There are many medical reasons for exhaustion. When you feel tired every day, making an appointment with your doctor is important.
In fact, decreasing interest in sex may suggest a deeper nutritional problem. Protein deficiency can lead to a loss of sexual interest and libido. A lack of protein can also cause changes in the menstrual cycle and even temporary fertility loss in women. It is important for women to get enough protein.
Protein deficiency can also impair the immune system. Impaired immune function can increase infection risk or severity, a common symptom of serious protein deficiency.
For example, one research in mice found that a more serious influenza infection followed a diet comprising only 2 percent protein, compared to an 18 percent protein diet.
A low intake of protein can impair immune function. A small study in older women found that their immune response was reduced after a low-protein diet for nine weeks.
In Central Africa and South Asia, where up to 30% of children get too little protein from their diet, the problem is severe.
Many populations are also at risk in developed countries. It includes people with an imbalanced diet and older people.
Low consumption of protein can cause long-term changes in body structure, such as muscle wasting. It occurs most often in children in developing countries with widespread malnutrition and imbalanced diets.
Deficiency in protein can affect the body function. As a result, most symptoms are associated with it.
Most of the muscles, skin, hair, bones, and blood are protein. Protein deficiency, therefore, has a wide range of symptoms. Serious protein deficiency in children can cause swelling, fatty liver, skin degeneration, increase infection severity, and stunt growth.
Frequently Asked Question
Not everyone has the same need for protein.
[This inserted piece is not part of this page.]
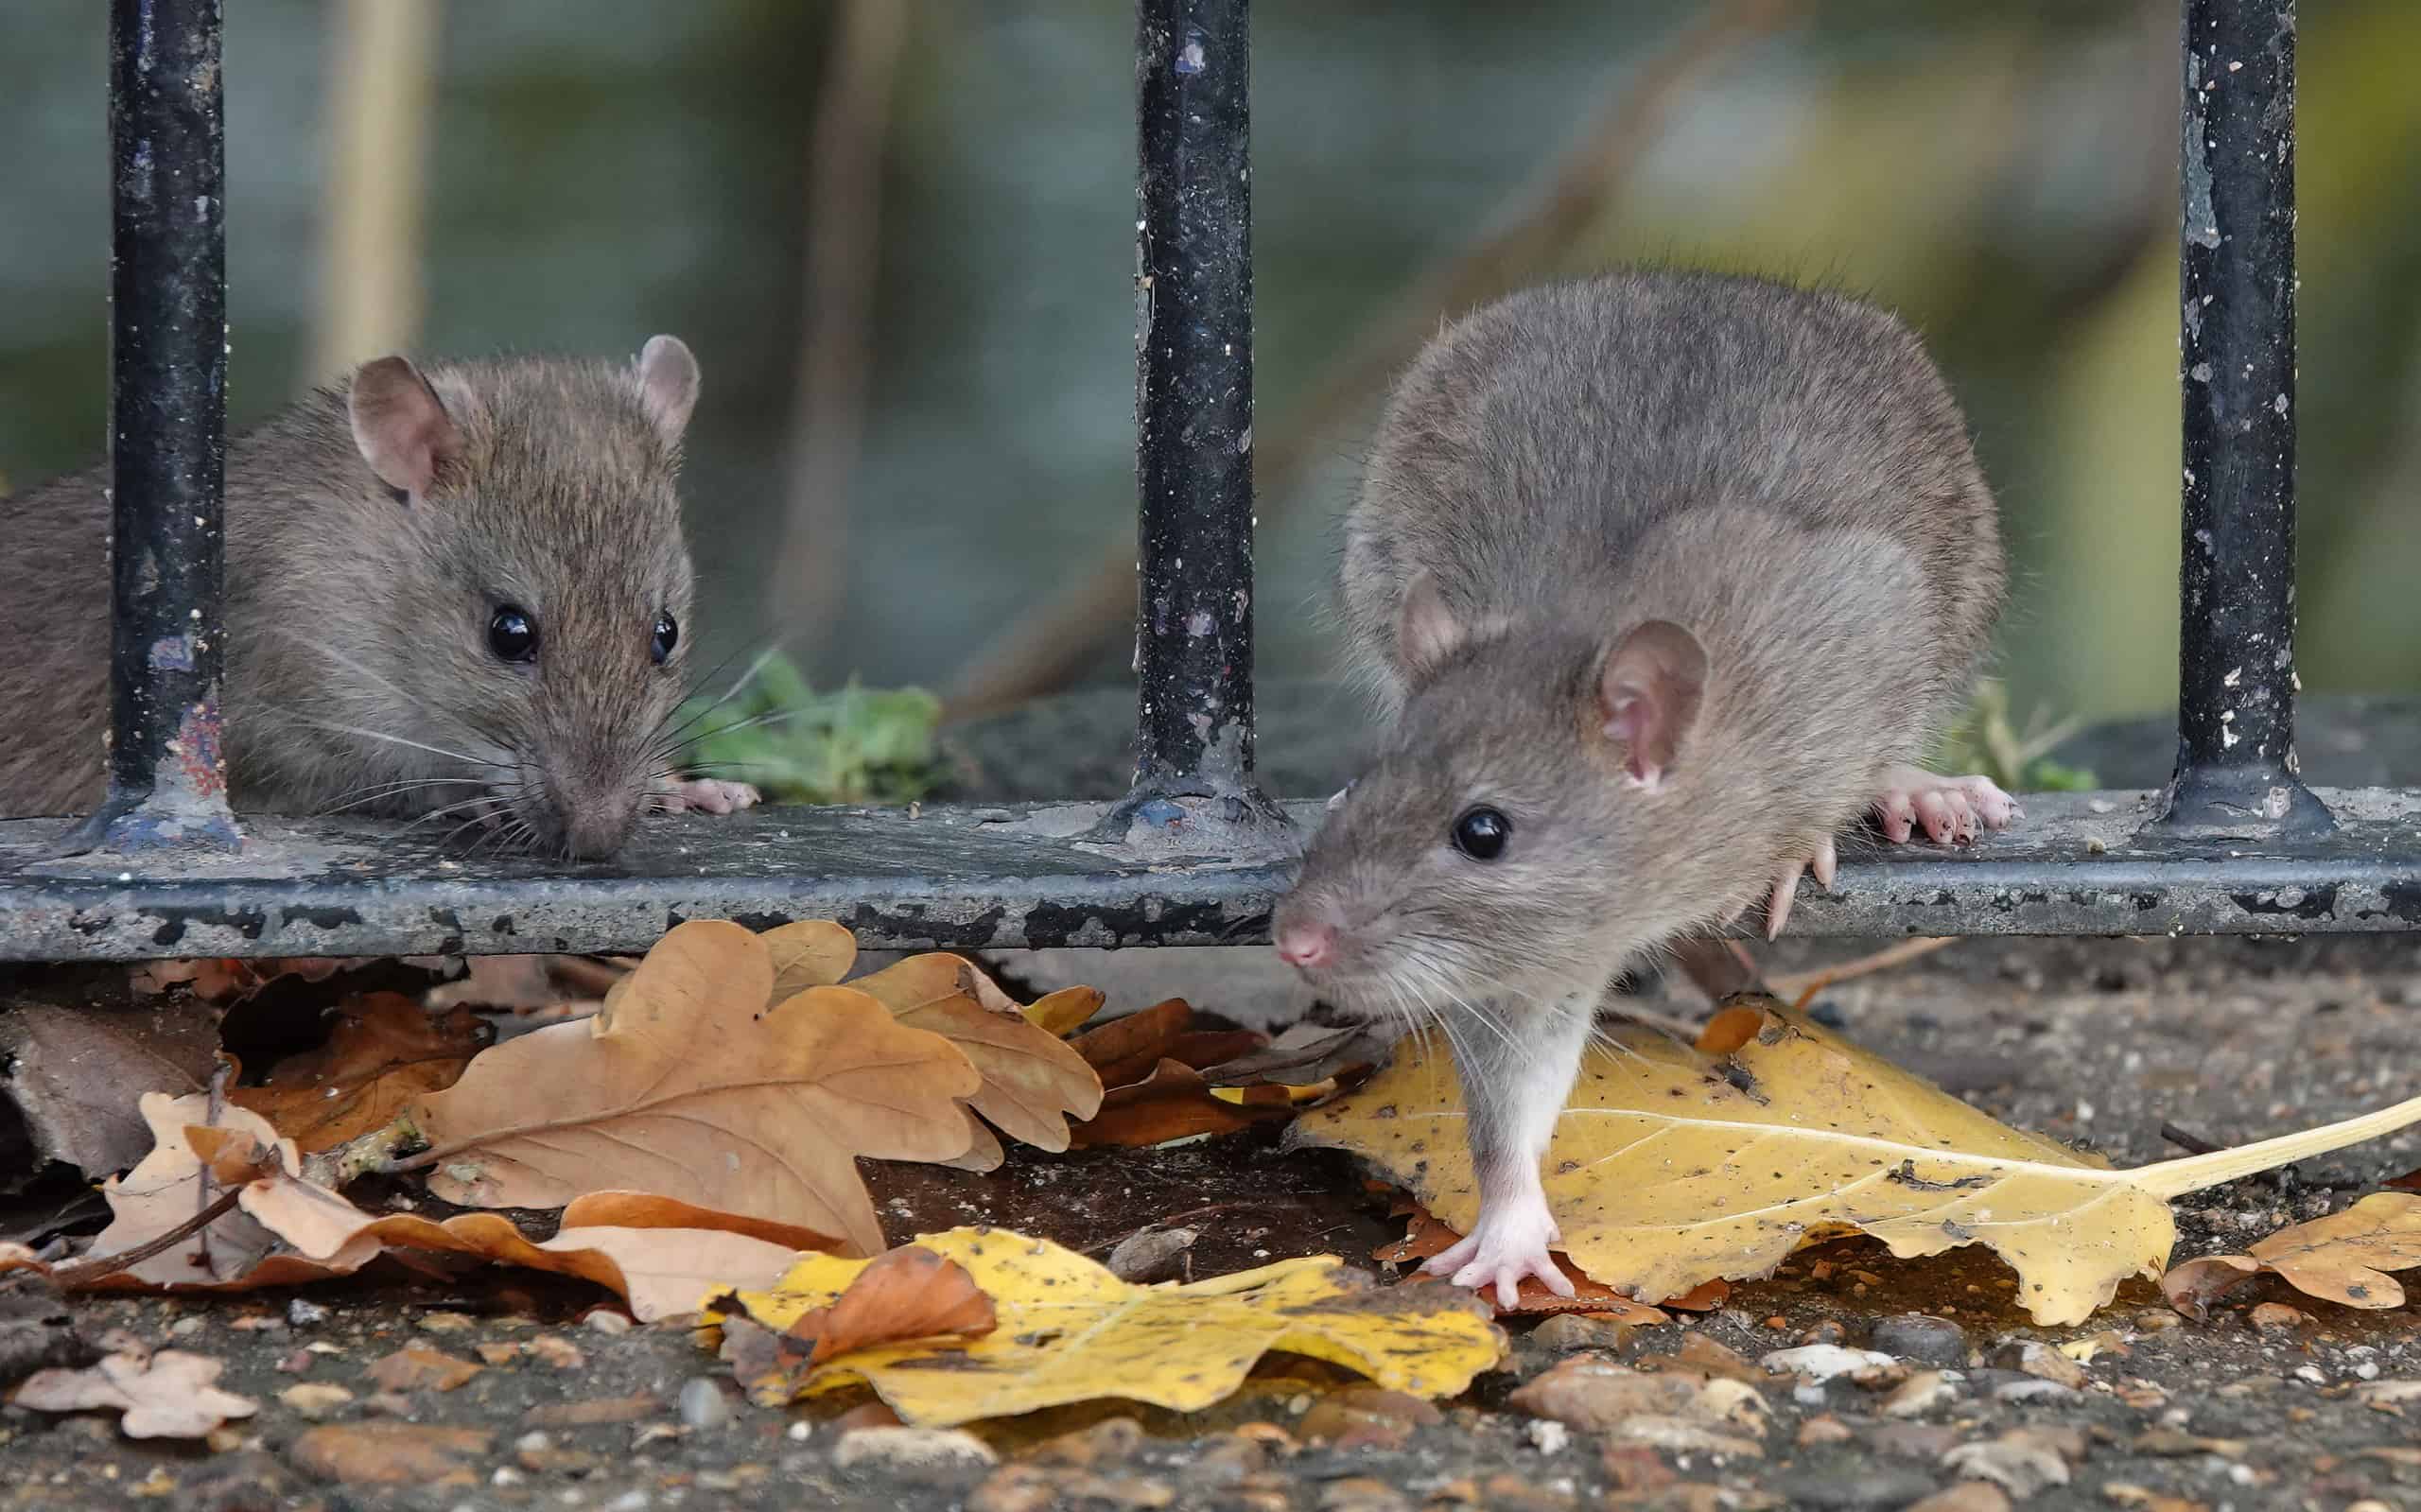 Uno scatto delizioso di due ratti marroni che attraversano la ringhiera di una recinzione in un parco in una giornata autunnale.

This depends on many factors, including the weight of the body, muscle mass, physical activity, and age. The most important determinant of protein requirements is body weight. As a result, they usually present instructions for each pound or a kilogram of body weight as grams. The recommended daily allowance for each pound of body weight (0.8 grams per kg) is 0.4 grams of protein. Scientists estimate that for most people, this should be enough. For a person weighing 165 pounds (75 kg), it amounts to 66 grams of protein per day. Researchers, however, does not agree on how much is enough.
High-protein foods include meats, poultry, and fish, and dairy products, tofu, grains, other vegetables and fruits, eggs, legumes, nuts, and seeds. Eating a variety of protein foods will increase the consumption of nutrients. Seafood can be nutritious. Some healthy sources of protein are lean and low-fat poultry and food. For vegetarians, there are choices such as peas, beans, nuts, grains, and refined soy products.
Men need more protein than women in their diet. Men need about 56 grams of protein, while women need about 46 grams of protein a day.
Athletes just need a little more protein than non-athletes. The higher caloric intake needed for the energy needs of athletic activity may fulfill these protein needs.